A escolha deste texto obedeceu a dois critérios: O primeiro, porque está muito bem escrito e retrata com verdade algumas das diferenças de como se vivia em Portugal antes do 25 de Abril de 1974 e como se passou a viver depois. O segundo, porque este tipo de testemunhos ajuda, por um lado, a preservar a memória dos que viveram antes da revolução dos cravos e, por outro, para aqueles que nasceram depois daquela data, a conhecer algumas das principais transformações e conquistas que se registaram nestes últimos 34 anos e que, naturalmente, não caíram do céu, como alguns poderão julgar. Tanto mais que para estes últimos, nem a escola nem as famílias, foram capazes de lhes transmitir toda a riqueza de uma época absolutamente extraordinária, que mudou em definitivo a vida dos portugueses.

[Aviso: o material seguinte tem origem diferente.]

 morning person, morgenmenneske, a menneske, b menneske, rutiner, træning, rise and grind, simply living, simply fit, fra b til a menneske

“… Quando oiço ou leio elogios a Salazar e ao "outro tempo" a gente que tem idade para se lembrar, fico estupefacta. Nunca deixa de me espantar que se considere que "se vivia melhor" ou "havia mais segurança". É que não é uma questão subjectiva: não me venham com questões subjectivas. Nada há mais objectivo que os indicadores do Instituto Nacional de Estatística, e a forma como nos últimos 34 anos as provas do bem-estar dos portugueses aumentaram de modo quase milagroso. A mortalidade infantil e materna, por exemplo: passámos de um índice de país do Terceiro Mundo para um dos mais honrosos da UE. A esperança de vida. A electricidade, a água canalizada, as casas de banho dentro das casas. A quantidade de jovens que conseguem aceder ao ensino superior. Quem acha que isso não tem nada a ver com a democracia e que era inevitável deve questionar-se, por exemplo, sobre o motivo pelo qual em quase todos os países totalitários, independentemente da sua riqueza, a maioria das pessoas vive tão mal.

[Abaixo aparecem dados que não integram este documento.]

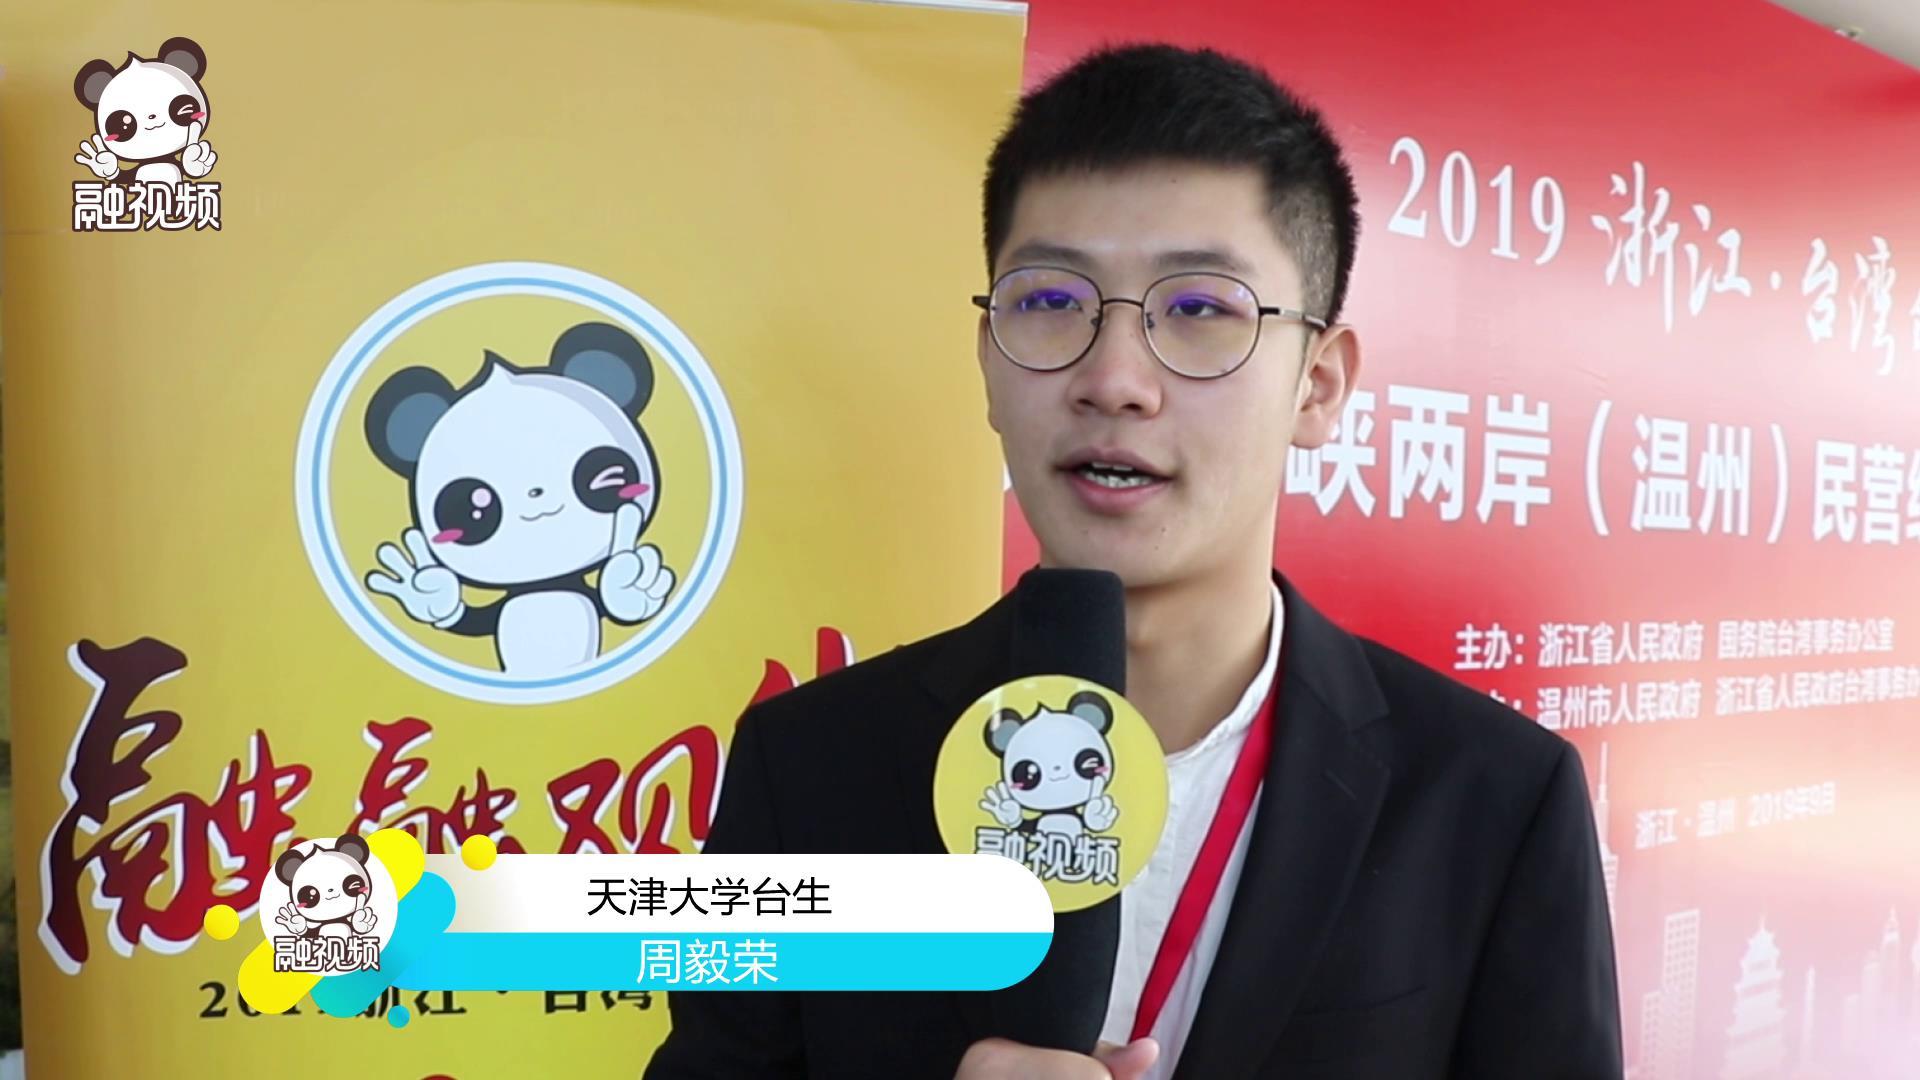 专访天津大学台生周毅荣:我要去更多城市挑战不同专业领域图片

Porque antes da democracia a esmagadora maioria dos portugueses vivia mal. Havia miséria como não há, nem por sombras, hoje. Havia pobreza como não há, nem por sombras, hoje. Há gente a viver mal hoje, idosos com reformas miseráveis. Mas antes da democracia não havia sequer reforma garantida para todos - lembram-se? E podia não haver carjacking - não havia sequer carros que chegassem para isso - mas havia tropa obrigatória, lembram-se? E minas nas picadas, e emboscadas na selva. Quantos portugueses morreram, obrigados, na guerra? Quantos voltaram deficientes? Quantos tiveram de fugir para não serem enviados para África? Quantos fugiam, "a salto", para tentar uma vida melhor no estrangeiro? Quantos morriam de medo de dizer alguma coisa errada que os levasse a serem considerados anti-regime, a perder o emprego, a serem presos? Era seguro, ser português? Era seguro, viver numa ditadura?
Há, claro, sonhos que se perderam e traíram. Não somos todos felizes - mas só nos cartazes das ditaduras toda a gente sorri. Os amanhãs cantaram, mas desafinados para muitos ouvidos. Desafinam ainda, e ainda bem - porque agora depende tudo de nós, e cada voz canta diferente. Sobretudo, não me digam que "há medo de falar" nem usem a palavra "fascismo" a torto e a direito. Porque é ridículo, demasiado ridículo, mas porque, sobretudo, é um insulto a todos os que realmente souberam o que era ter medo e viver num regime totalitário, todos os que no "dia inicial, inteiro e limpo" de Sophia se sentiram, enfim, inteiramente inteiros.”